Part of the economist’s work is to examine the relationship between the effects of the choices of individuals and communities which go beyond what is immediately being chosen. Consistent study over time of these relationships and the achievement of a certain degree of predictability about how these interdependencies affect each other is central to economic analysis. By identifying these relationships and sometimes even producing approximate quantifications of these relationships, economics assumes the analytical characteristics of a positive science, one that often focuses on understanding the reasons for discernible changes in economic activity.
This does not mean that the study of these relationships acquires the same degree of certainty that we find in some of the natural sciences. Alongside known side-effects, there are also unknown side-effects. Knowledge of all these known or unknown side-effects of choices is not possible for one economist or group of economists. No individual or group can know all the different side-effects of the choices of millions of people and the way they affect each other. There are therefore significant limits to economics’ capacity to make the type of predictions characteristic of the natural sciences.
The Limits of Thomistic Metaphysics
Grounding the economic technique on Thomist metaphysics or theology would not overcome these limits. But going too far down that path would also distract modern economics from realizing its immediate purposes which are not pursuing happiness per se or even justice for that matter. Those ends are the more direct focus of other disciplines such as philosophy as well as other spheres of human activity like religion, politics, and law. Of course modern economics can help, for instance, those charged with political authority to make the right decisions by providing them with forms of information which would not be otherwise obtainable. But trying to focus economics more immediately on all-round human flourishing or even a vision of happiness as compelling as that articulated by Aquinas would blunt its ability to contribute to decisions that help to build up those conditions (the political common good) that enable people to pursue happiness under their own volition.
Does this mean that we should settle for the unsatisfactory state of much contemporary economics that rightly concerns Hirschfeld? By no means. Rather, however, than seeking to submerge economics into Thomistic theological inquiry, present-day dissatisfaction with economics might be better channeled in other directions.

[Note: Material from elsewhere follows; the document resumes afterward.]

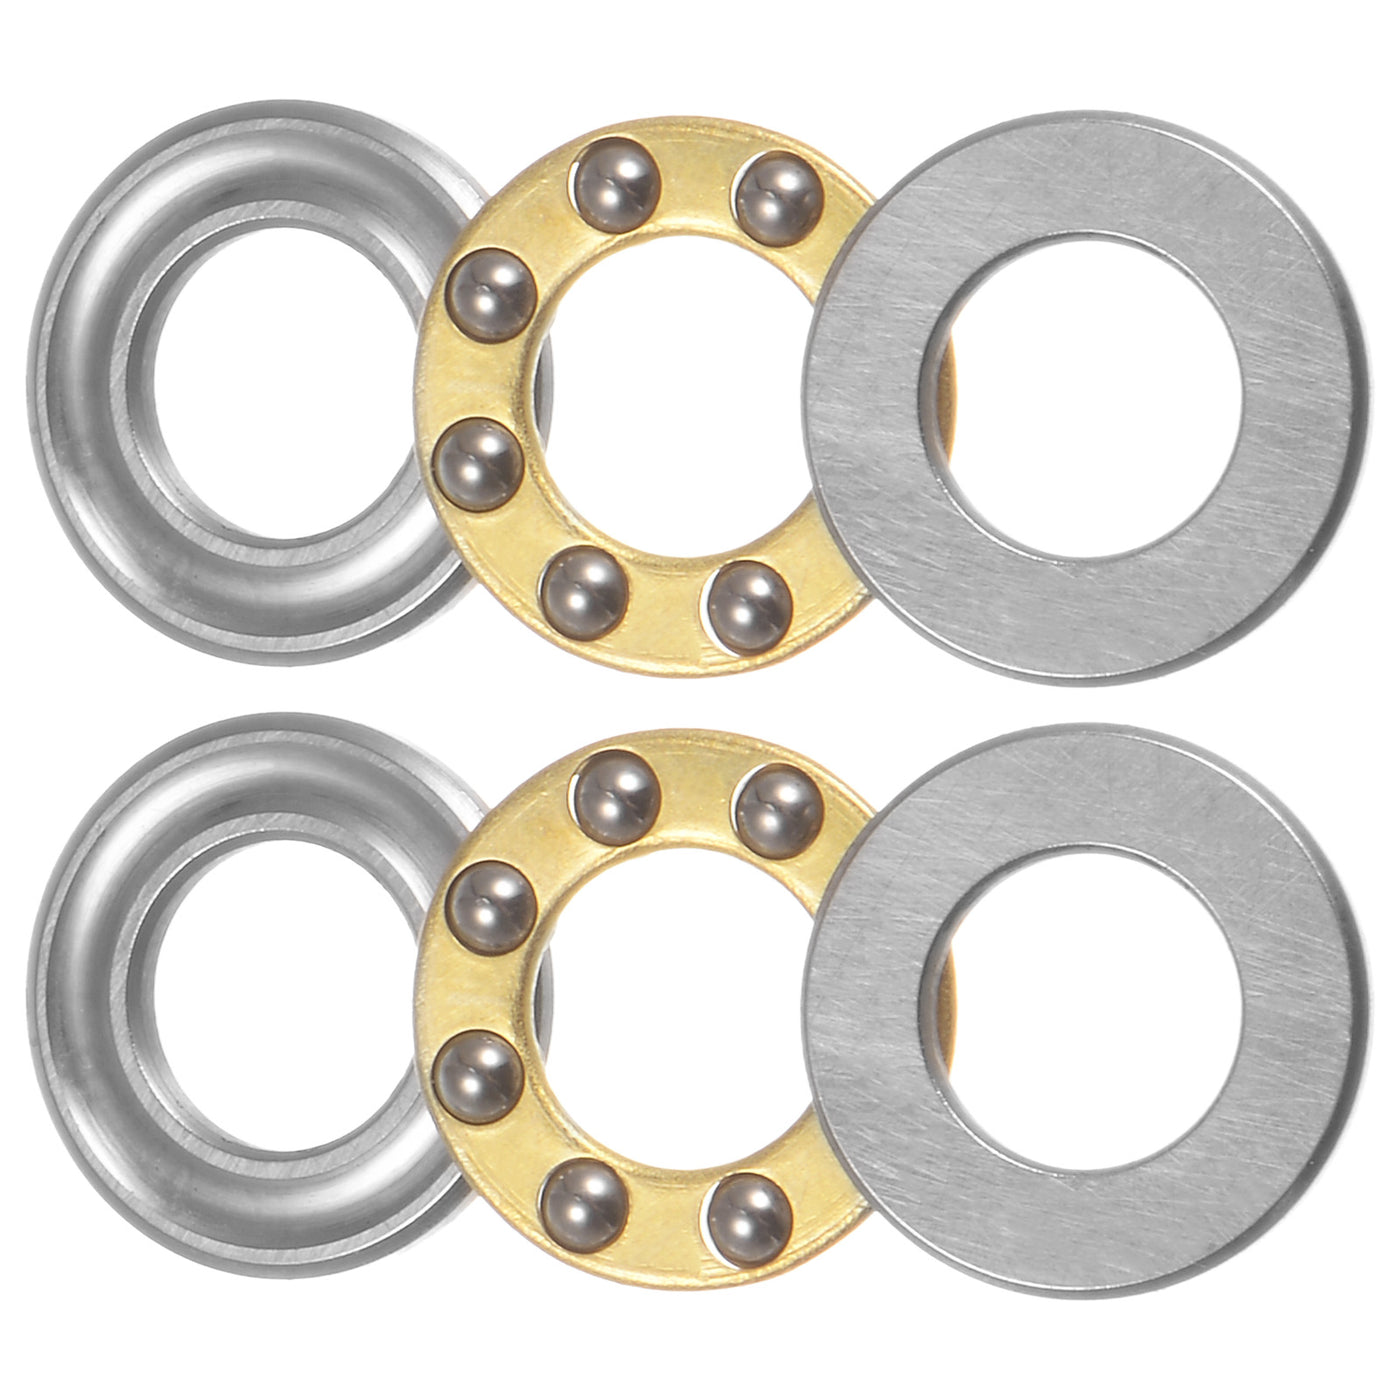 uxcell Uxcell F7-13M Thrust Ball Bearing 7x13x5mm Brass with Washers 2pcs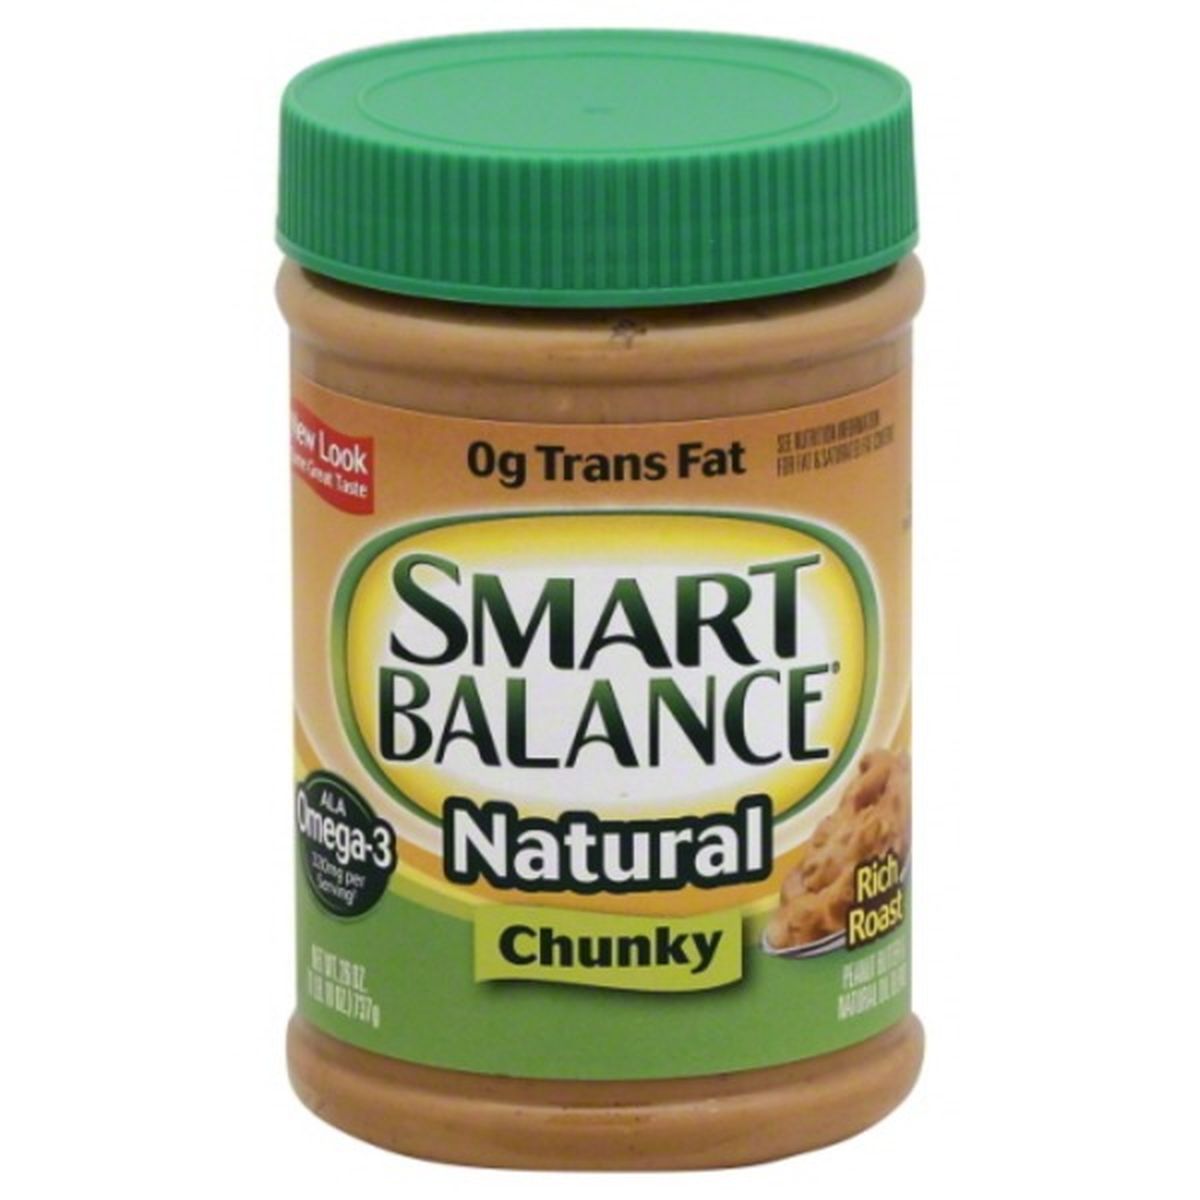 Calories in Smart Balance Rich Roast Peanut Butter, Natural, Chunky

These might include closer definition of economics’ purposes, a clearer specification of the limits of economic analysis, a more careful delineation of economics’ relationship to other modes of inquiry, and deeper attention to the particular ways that economics can illuminate aspects of the truth that might otherwise lie dormant. These characteristics, accompanied by a sense that the particular knowledge obtained via the economic technique needs to integrated into a wider account of human choice and political action, offers some potential for a reordering of economics that would address Hirschfeld’s questions, but in ways that would preserve the greatest achievements of Adam Smith’s intellectual revolution.